- Your instructions:
Print the data exactly as written, but leave out each picture.
Given data below:
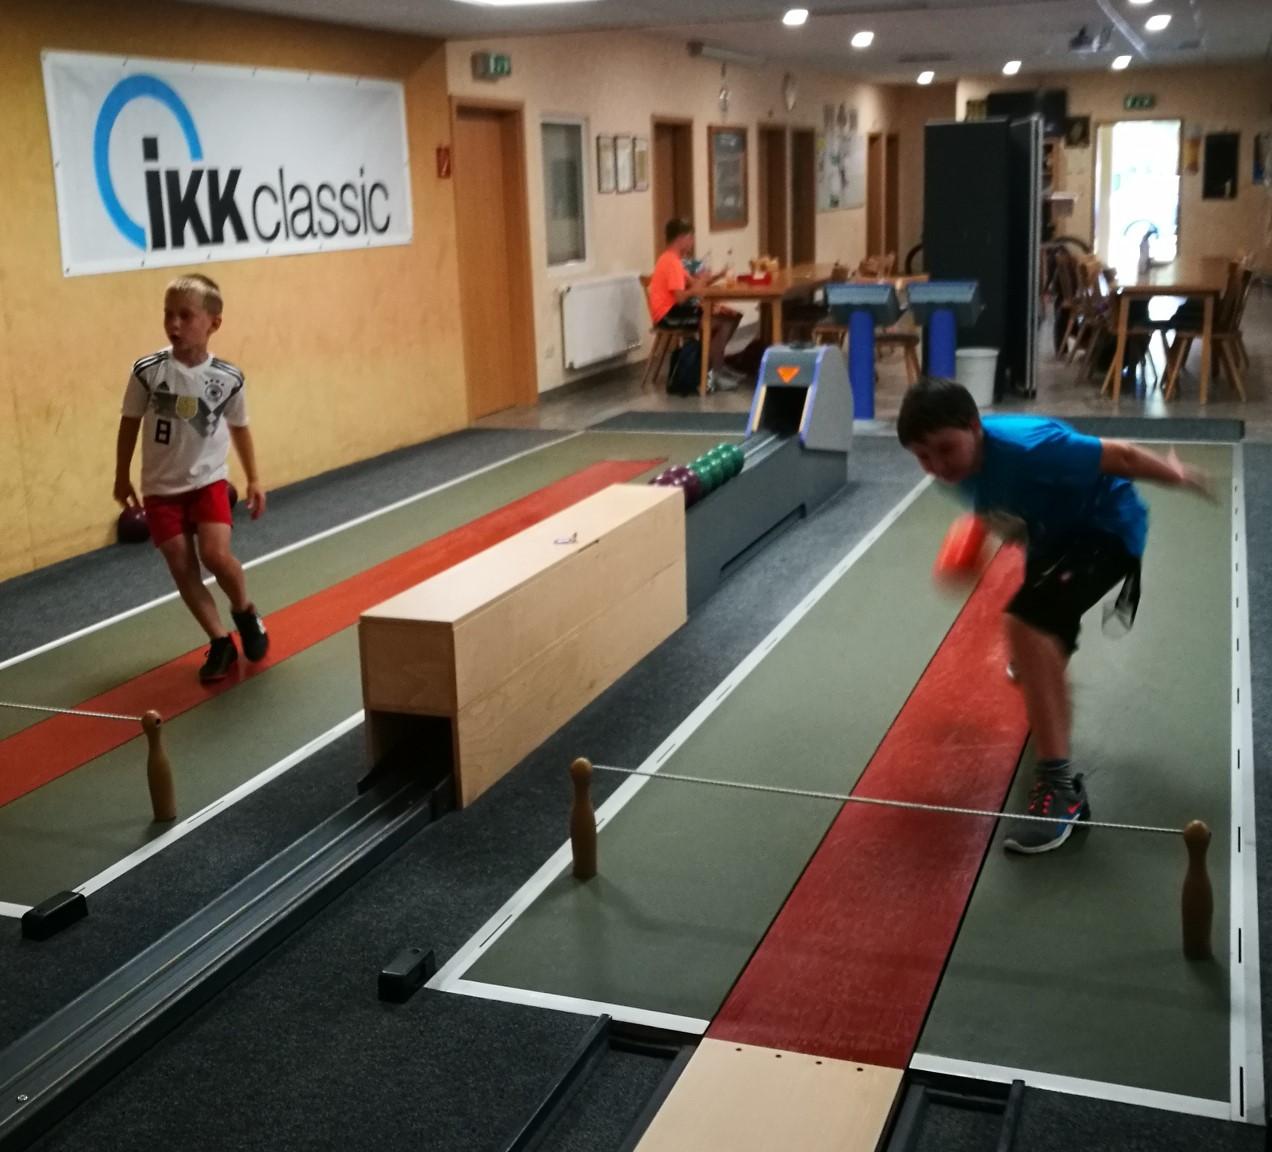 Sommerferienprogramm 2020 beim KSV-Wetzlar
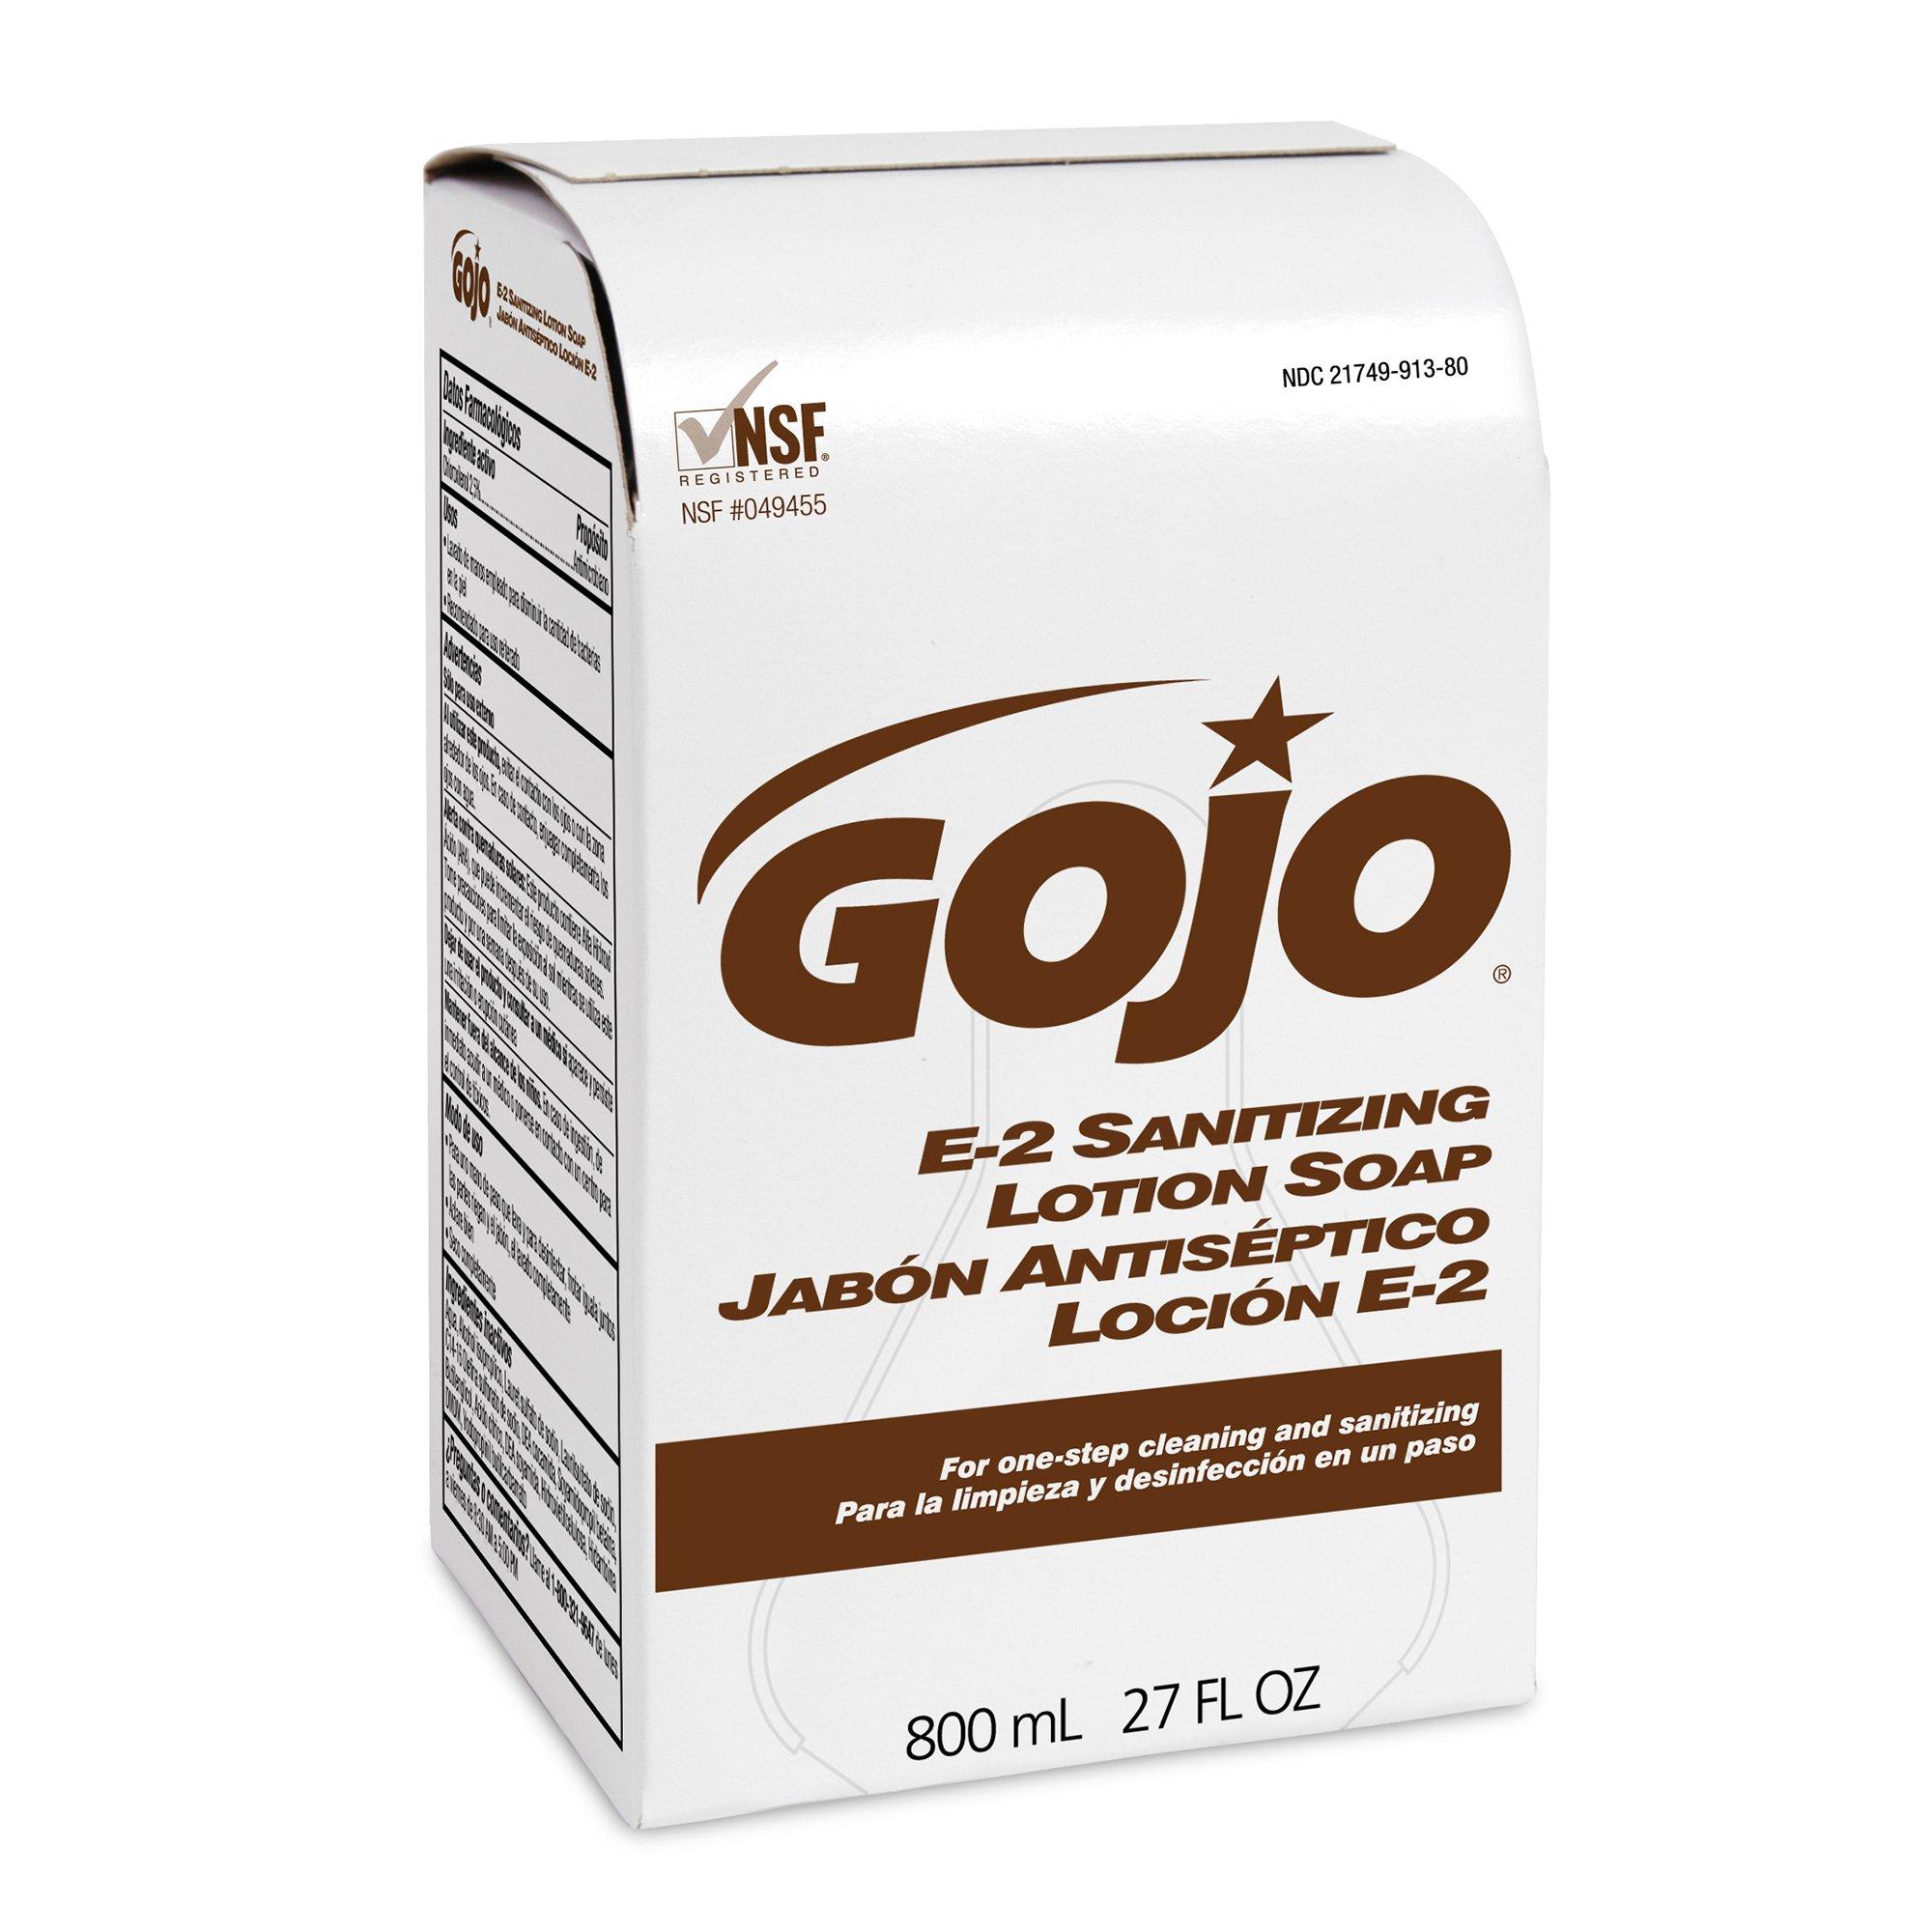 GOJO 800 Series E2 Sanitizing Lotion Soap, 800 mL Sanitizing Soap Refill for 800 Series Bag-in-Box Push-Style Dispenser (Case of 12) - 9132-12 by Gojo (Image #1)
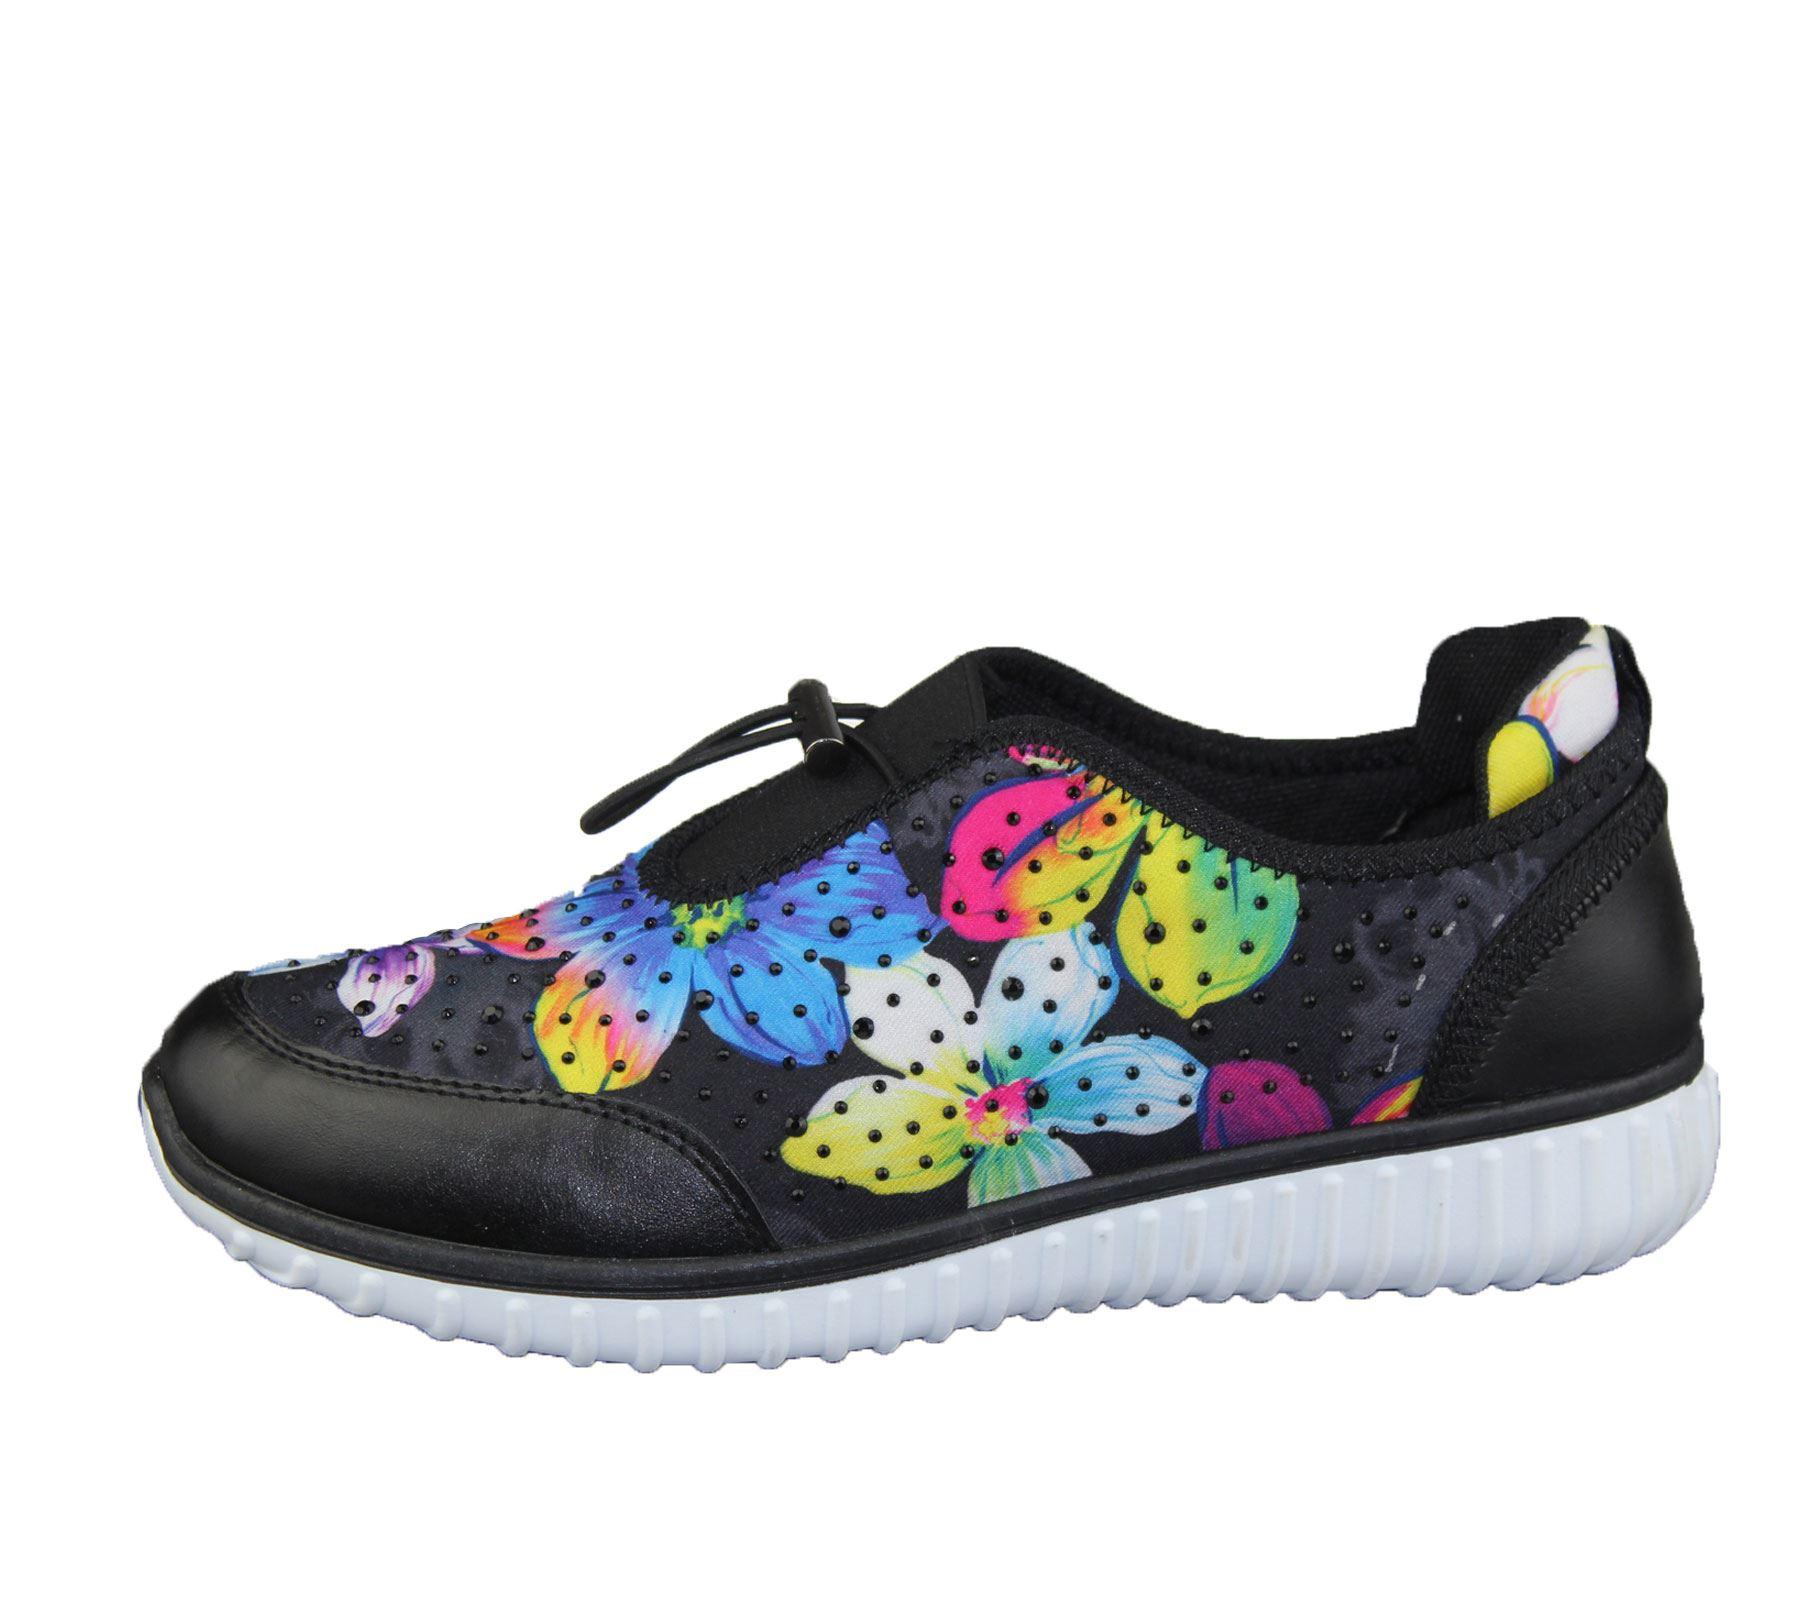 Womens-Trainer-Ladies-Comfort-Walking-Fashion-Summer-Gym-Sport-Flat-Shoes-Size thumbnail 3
End of Given data.
- Solved problem:
 Sommerferienprogramm 2020 beim KSV-Wetzlar
 GOJO 800 Series E2 Sanitizing Lotion Soap, 800 mL Sanitizing Soap Refill for 800 Series Bag-in-Box Push-Style Dispenser (Case of 12) - 9132-12 by Gojo (Image #1)
 Womens-Trainer-Ladies-Comfort-Walking-Fashion-Summer-Gym-Sport-Flat-Shoes-Size thumbnail 3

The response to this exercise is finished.